When a customer’s chip won’t read or the magnetic stripe is damaged, most payment terminals let you type the card number directly into the keypad. The process takes a few extra seconds and requires more information than a standard swipe or tap, but it works on nearly every modern terminal once you know the steps.
Steps to Manually Enter a Card Number
The exact menu flow varies slightly by terminal brand and payment processor, but the general sequence is consistent across Ingenico, Verifone, Clover, and similar machines.
- Start a sale. From the idle screen, select “Sale” (or press the sale button, depending on your terminal). Choose “Credit” or “Debit” when prompted.
- Enter the transaction amount. Key in the dollar amount and press Enter. Confirm the amount when the screen asks you to verify.
- Key in the card number. When the terminal prompts you to swipe, insert, or tap, simply begin typing the full card number on the keypad instead. Press Enter after the last digit.
- Enter the expiration date. Type the two-digit month and two-digit year (for example, 0827 for August 2027), then press Enter.
- Enter the CVV code. This is the three-digit security code on the back of the card (four digits on the front for American Express). Press Enter.
- Enter the billing ZIP code. Some terminals also ask for the cardholder’s street address. Type it in and press Enter.
- Confirm card presence. The terminal may ask whether the physical card is present. Select Yes if the customer handed you the card, or No if you’re taking the number over the phone.
After these steps, the terminal sends the transaction for authorization just like a normal sale. If approved, print or email the receipt as usual.

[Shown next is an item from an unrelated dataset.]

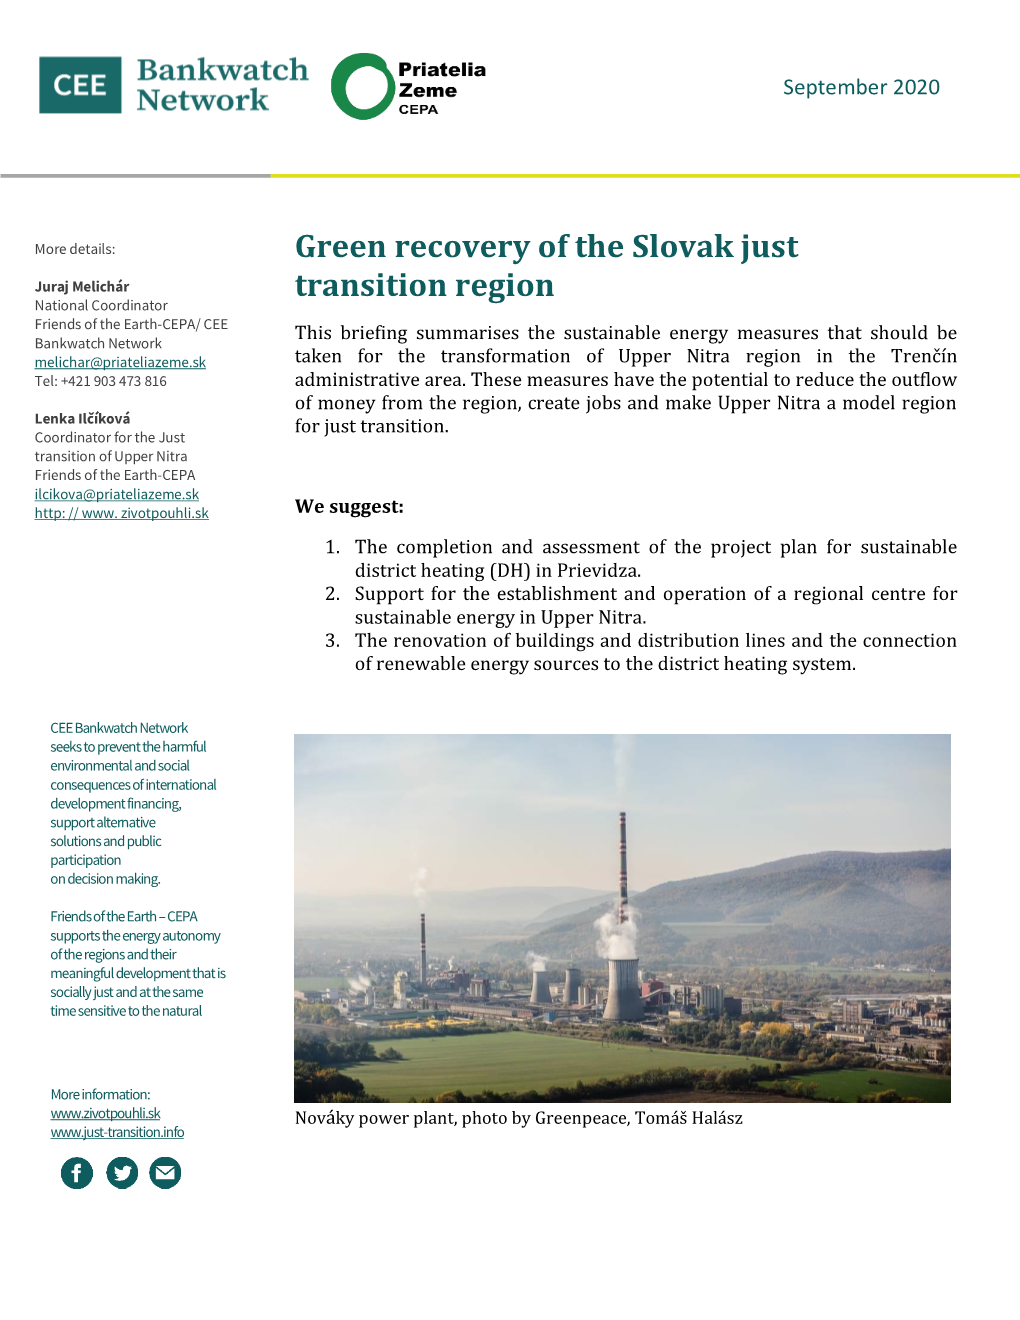 Green Recovery of the Slovak Just Transition Region

Information You Need Before You Start
Manual entry requires more data than a chip or tap transaction because the terminal can’t pull encrypted information from the card itself. Have all four pieces ready before you begin: the complete card number, the expiration date, the CVV security code, and the cardholder’s billing ZIP code. Missing any one of these will either stall the process or cause a decline.
If the customer is standing in front of you, ask to hold the card so you can read each field directly. For phone or mail orders, collect all four data points before you touch the terminal.
Why Manual Entry Costs More
Keyed-in transactions are classified as “card not present” by payment processors, even when the customer is standing right there. That classification carries higher processing fees because manually entered transactions have a greater fraud risk than chip-read or tap payments.
The difference is meaningful. Stripe, for example, charges 2.7% plus 5 cents for in-person chip and tap transactions but 2.9% plus 30 cents for keyed or online payments. Shopify’s Basic plan charges 2.6% plus 10 cents in person versus 2.9% plus 30 cents for manually entered sales. On a $100 transaction, that gap works out to roughly 50 to 55 cents more per sale. For an occasional damaged card, the extra cost is trivial. If you’re keying in dozens of transactions a day, it adds up fast.
When the Terminal Won’t Allow Manual Entry
If you type in a card number and the screen displays “Swipe Only” or simply won’t accept keystrokes at the card prompt, manual entry has been disabled in your terminal’s settings. This is a configurable feature, not a hardware limitation. A store manager or account administrator can enable or disable manual entry for specific card types or for the terminal as a whole.
Some terminals also require a manager password before allowing a keyed transaction. If you’re prompted for a password you don’t have, check with your manager or whoever set up the terminal. The setting is typically found in the terminal’s configuration or “Edit Terminal” menu under a manual entry toggle. Once enabled, the terminal accepts typed card numbers at the payment prompt without any special button sequence.
If manual entry is enabled but the transaction still declines, the issue is usually one of three things: a mistyped digit in the card number, an incorrect expiration date, or a ZIP code that doesn’t match the one on file with the card issuer. Re-enter the information carefully and try again.
Imprinting the Card
On some terminal setups, the screen will prompt you to “Imprint Card” after a manually keyed sale. This is a reference to taking a physical impression of the card using a manual imprinter (the old “knuckle buster” slider). It serves as proof that the card was physically present. Not every merchant still has an imprinter, but if yours does, running an imprint on keyed transactions gives you stronger evidence in case of a chargeback dispute later.
Keyed Entry for Returns and Forced Sales
Manual entry isn’t limited to standard sales. If you need to process a return and the original card won’t swipe or insert, you can key in the card number during the return flow using the same sequence: select Return, choose Credit or Debit, enter the refund amount, then type the card number, expiration date, and security prompts.
A force sale (sometimes called a “credit force”) works similarly but adds one extra step. Force sales are used when you’ve already received a voice authorization code from the card issuer, typically because the terminal couldn’t connect at the time of the original sale. After keying in the card details, the terminal asks you to enter that authorization code before completing the transaction.